- RECORDED DATA
_ _ _

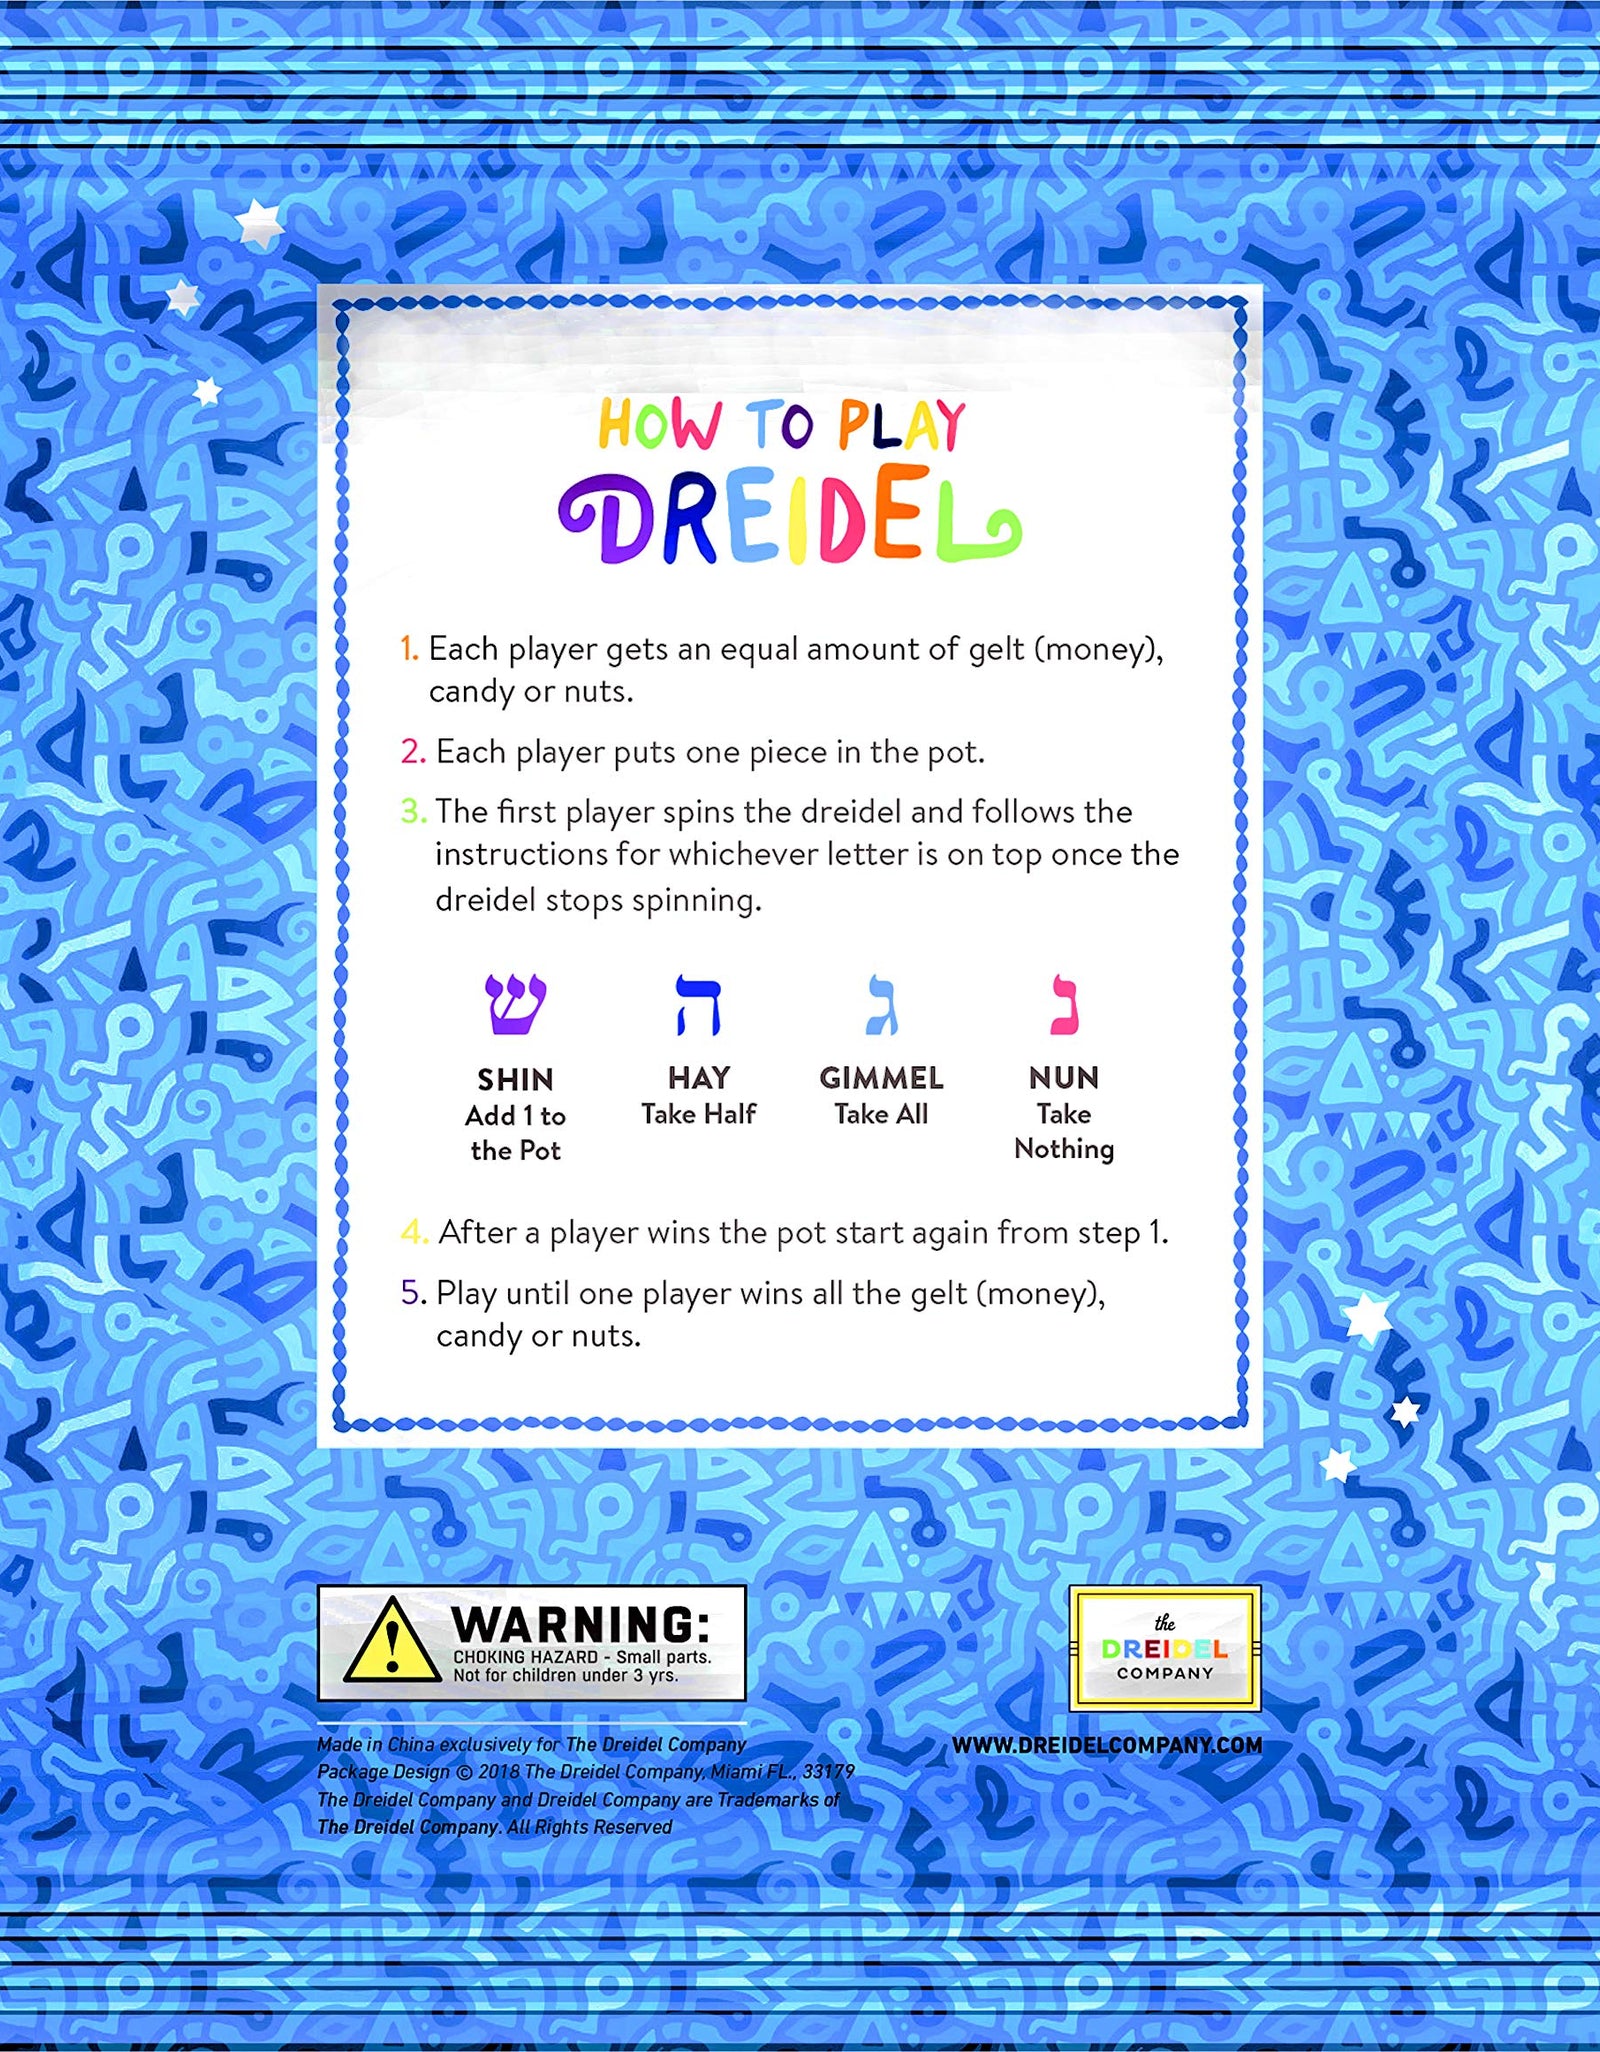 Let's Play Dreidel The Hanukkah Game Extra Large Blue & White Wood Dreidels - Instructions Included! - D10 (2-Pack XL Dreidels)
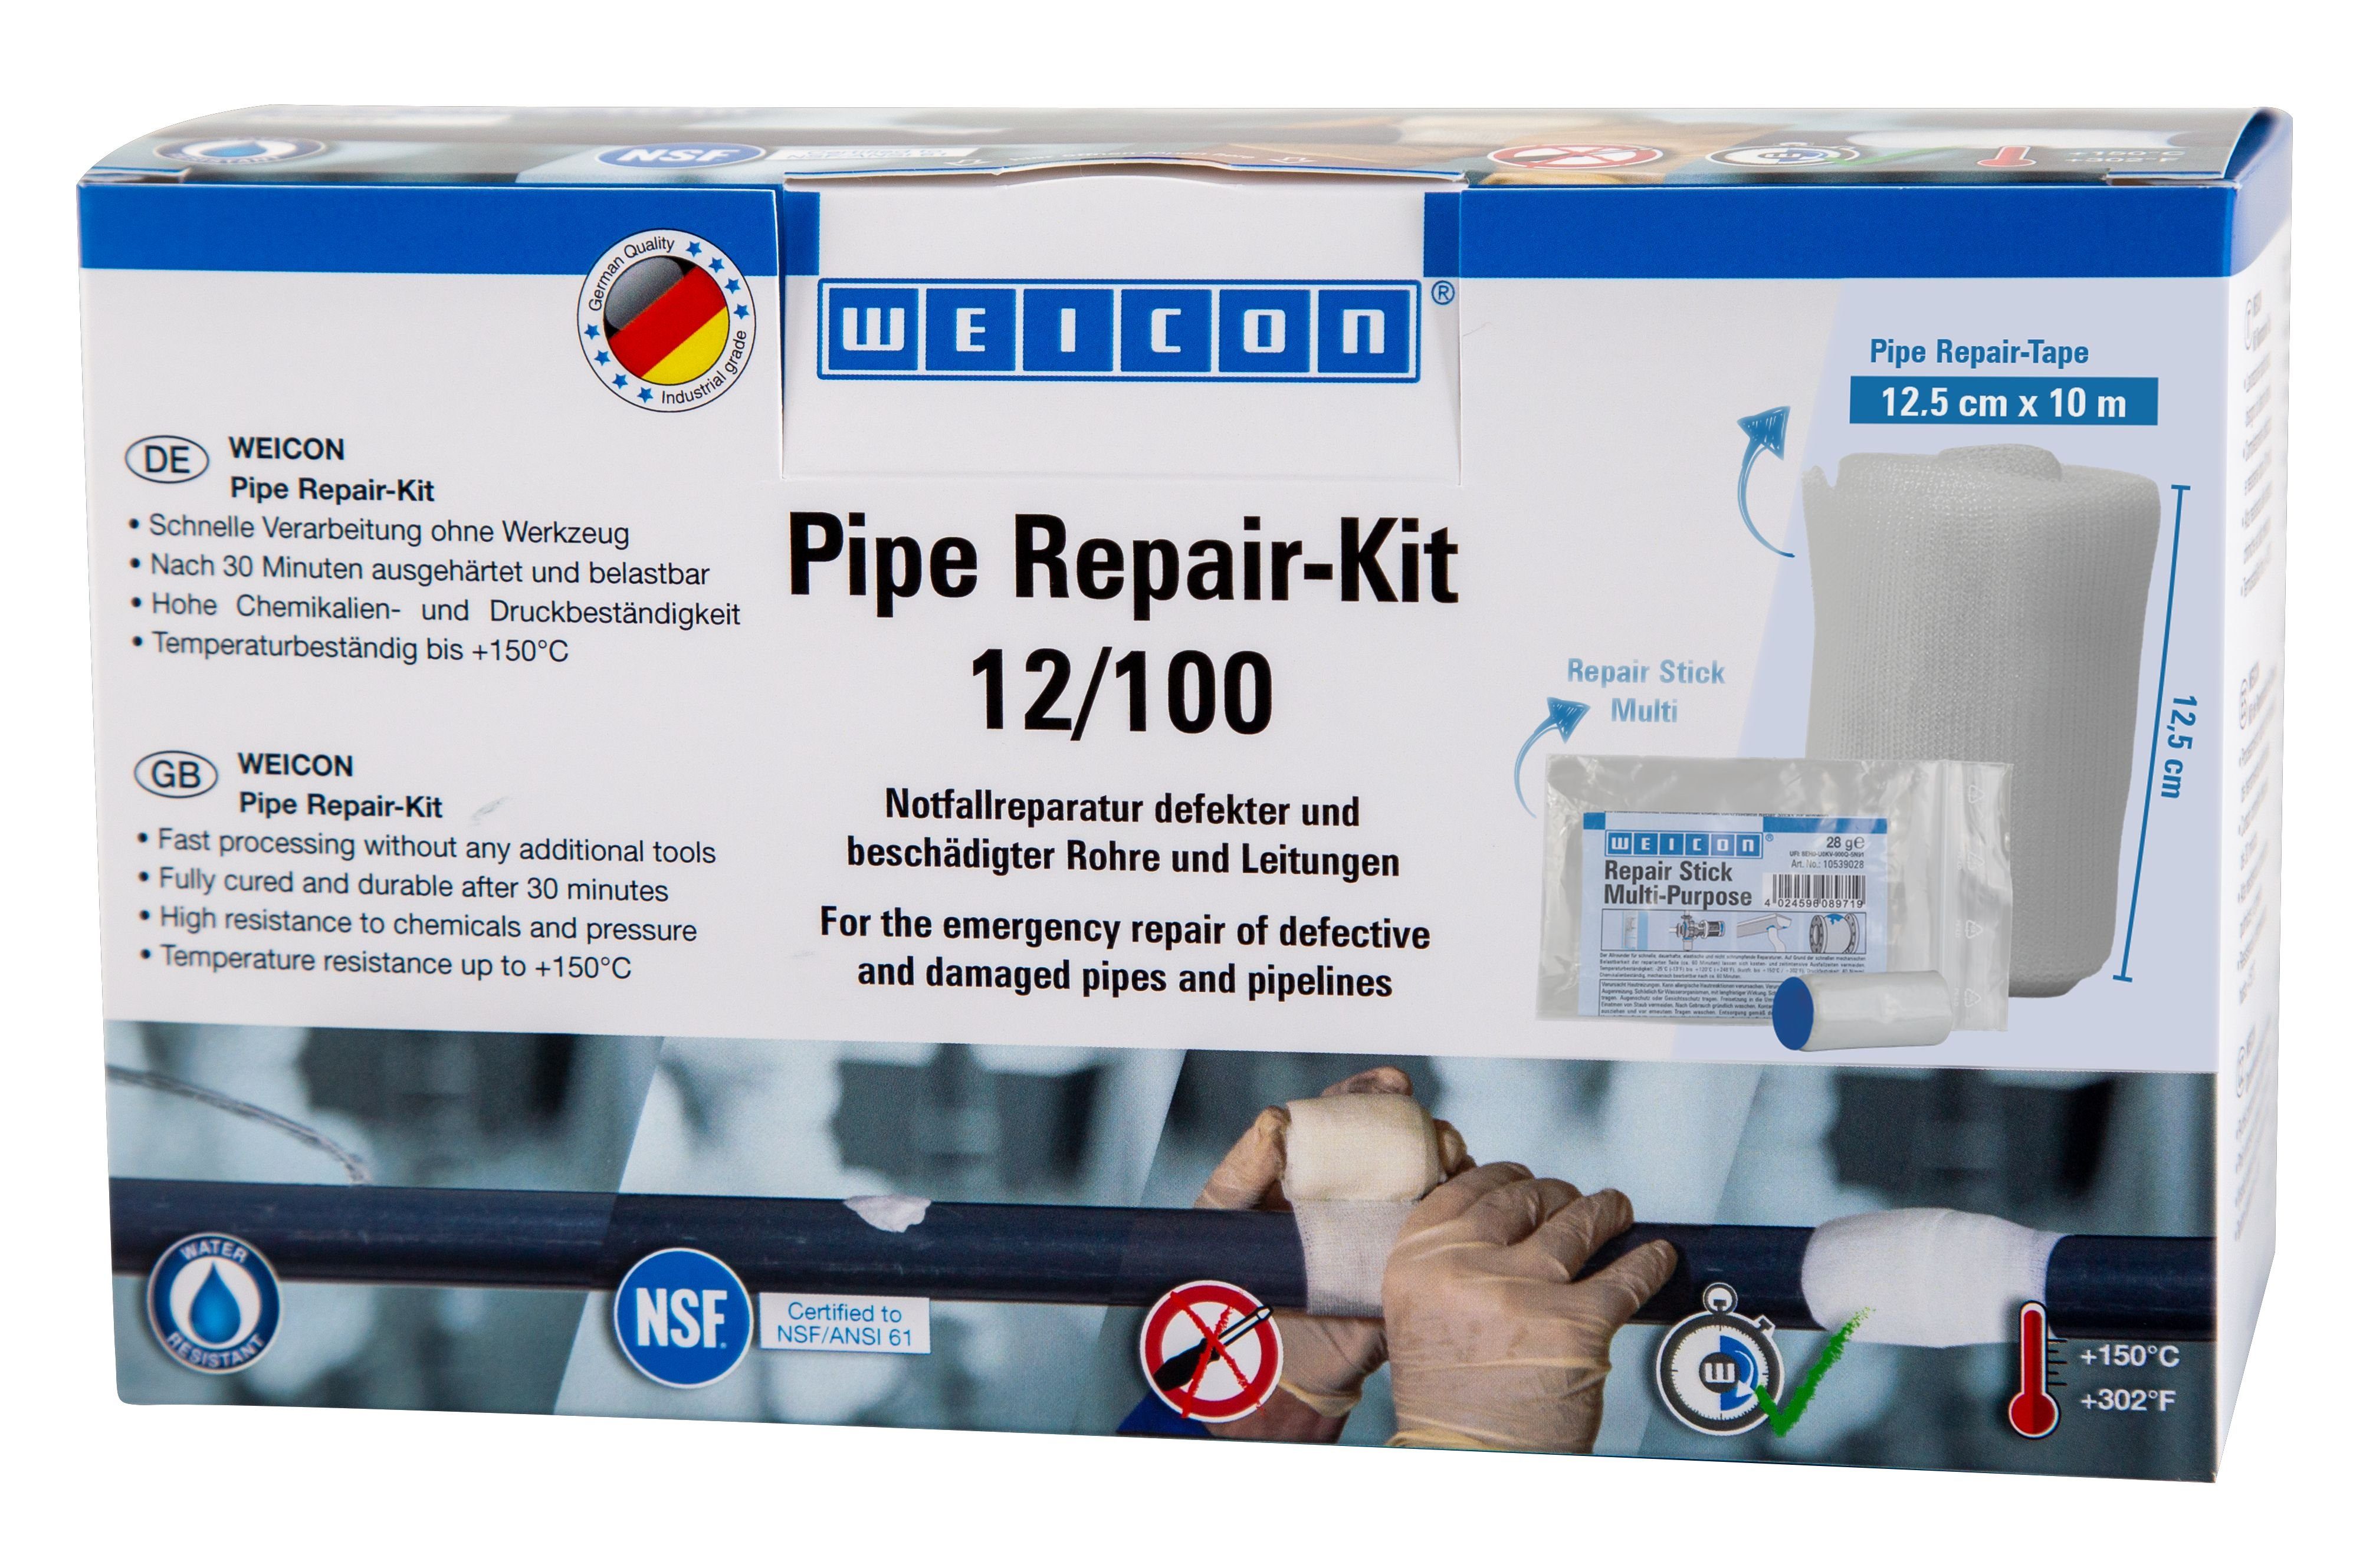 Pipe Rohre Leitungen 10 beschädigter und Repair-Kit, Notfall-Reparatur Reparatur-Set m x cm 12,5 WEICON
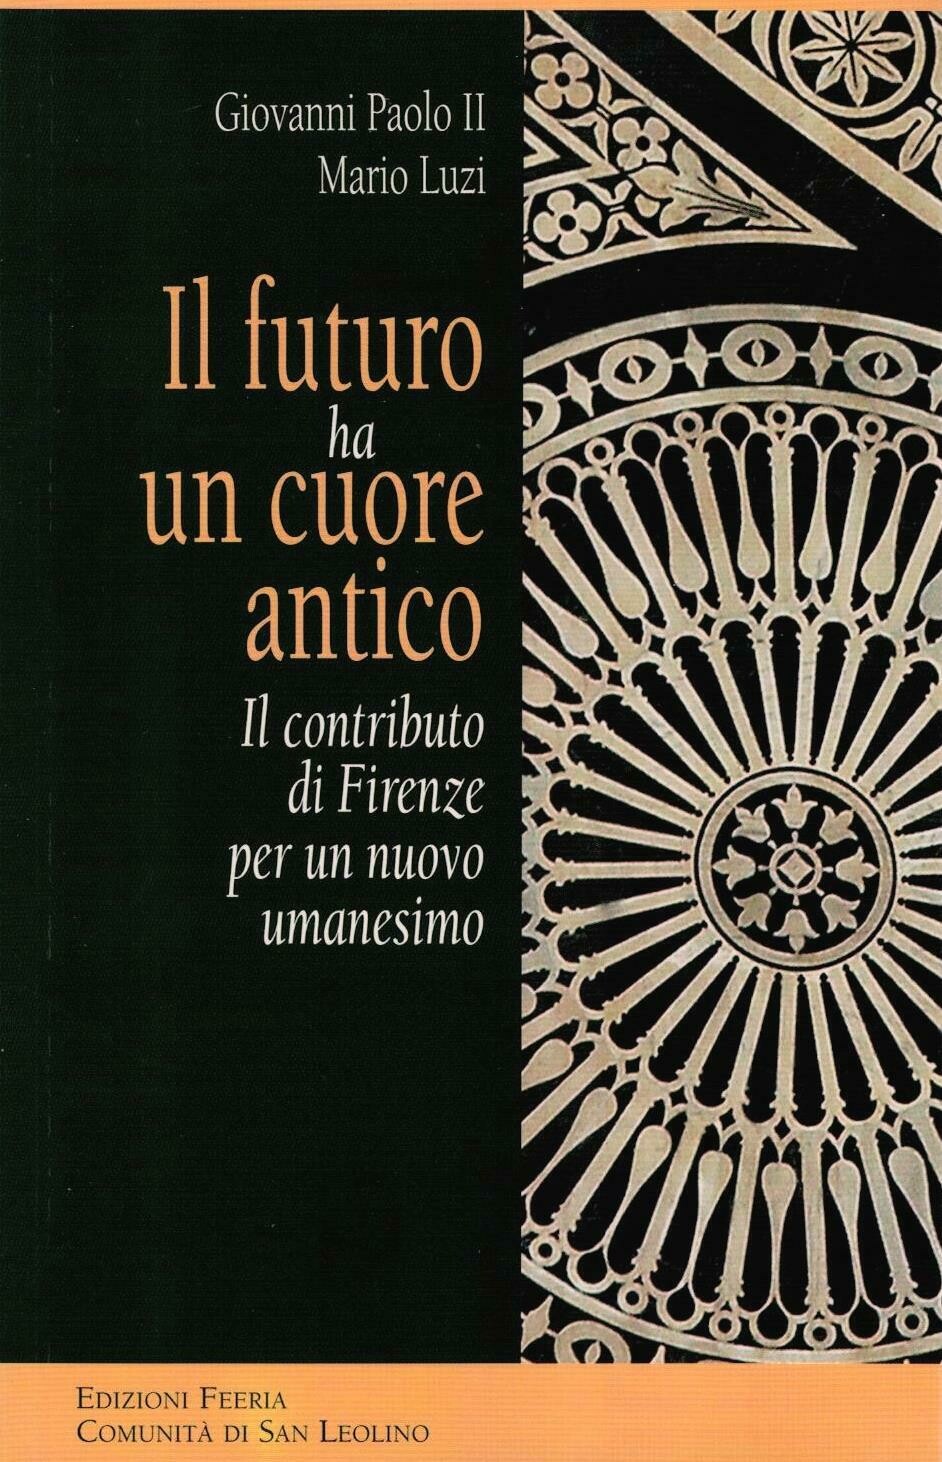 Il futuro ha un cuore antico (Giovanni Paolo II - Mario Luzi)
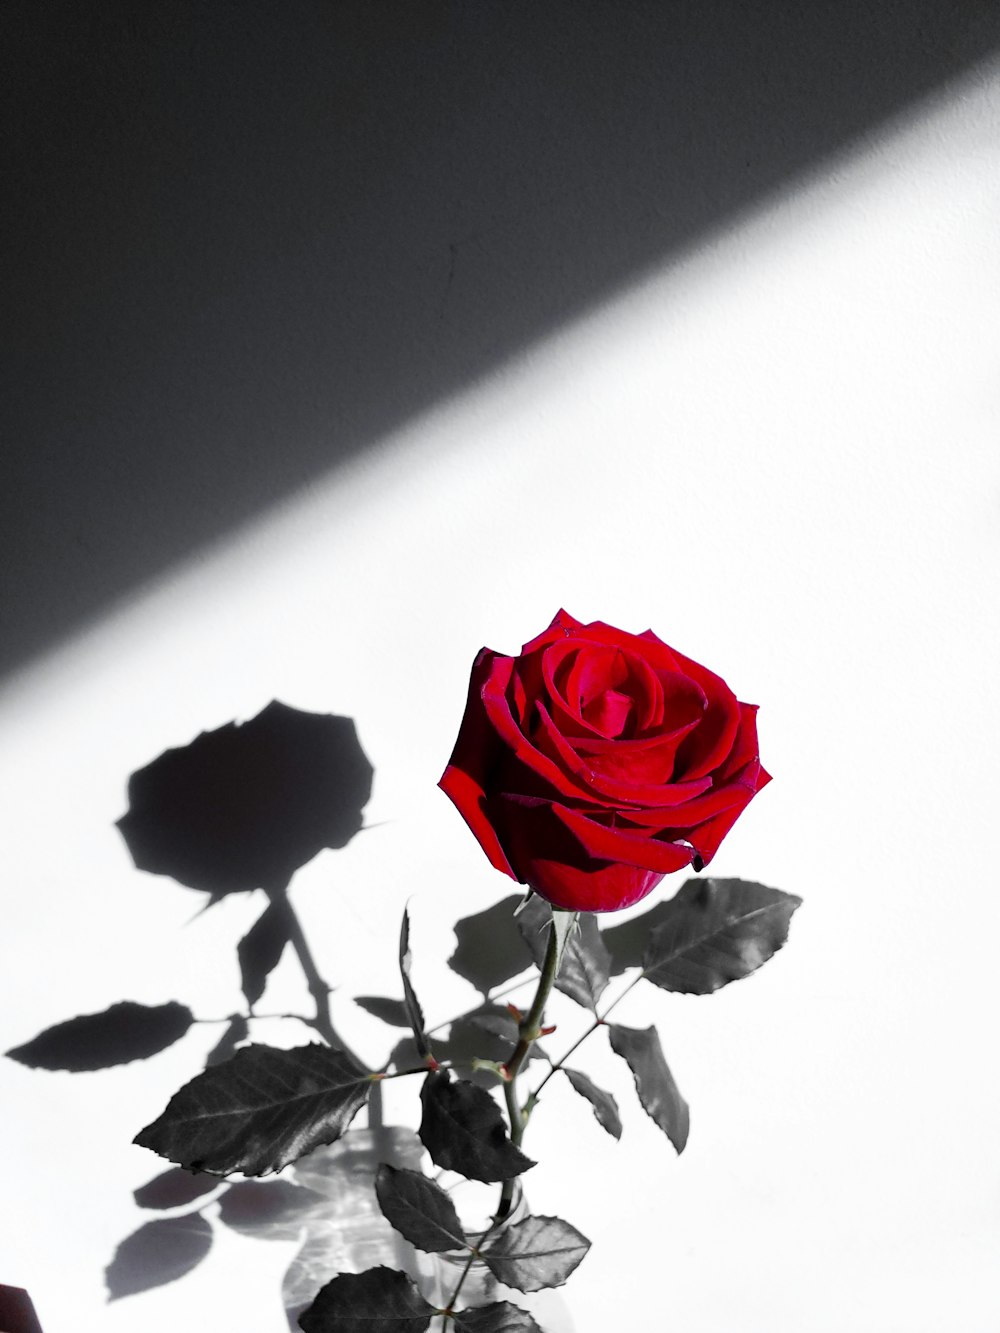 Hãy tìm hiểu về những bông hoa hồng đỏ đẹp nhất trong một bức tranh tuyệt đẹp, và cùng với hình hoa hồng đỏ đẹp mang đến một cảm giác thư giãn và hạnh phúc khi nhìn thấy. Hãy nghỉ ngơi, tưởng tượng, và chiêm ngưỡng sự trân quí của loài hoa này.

_ _ _

- WHAT NEEDS TO BE DONE
An exact copy of the listing is required, excluding any pictures.

- SOLUTION TO THIS EXERCISE
 Let's Play Dreidel The Hanukkah Game Extra Large Blue & White Wood Dreidels - Instructions Included! - D10 (2-Pack XL Dreidels)
 Pipe Rohre Leitungen 10 beschädigter und Repair-Kit, Notfall-Reparatur Reparatur-Set m x cm 12,5 WEICON
 Il futuro ha un cuore antico (Giovanni Paolo II - Mario Luzi)
 Hãy tìm hiểu về những bông hoa hồng đỏ đẹp nhất trong một bức tranh tuyệt đẹp, và cùng với hình hoa hồng đỏ đẹp mang đến một cảm giác thư giãn và hạnh phúc khi nhìn thấy. Hãy nghỉ ngơi, tưởng tượng, và chiêm ngưỡng sự trân quí của loài hoa này.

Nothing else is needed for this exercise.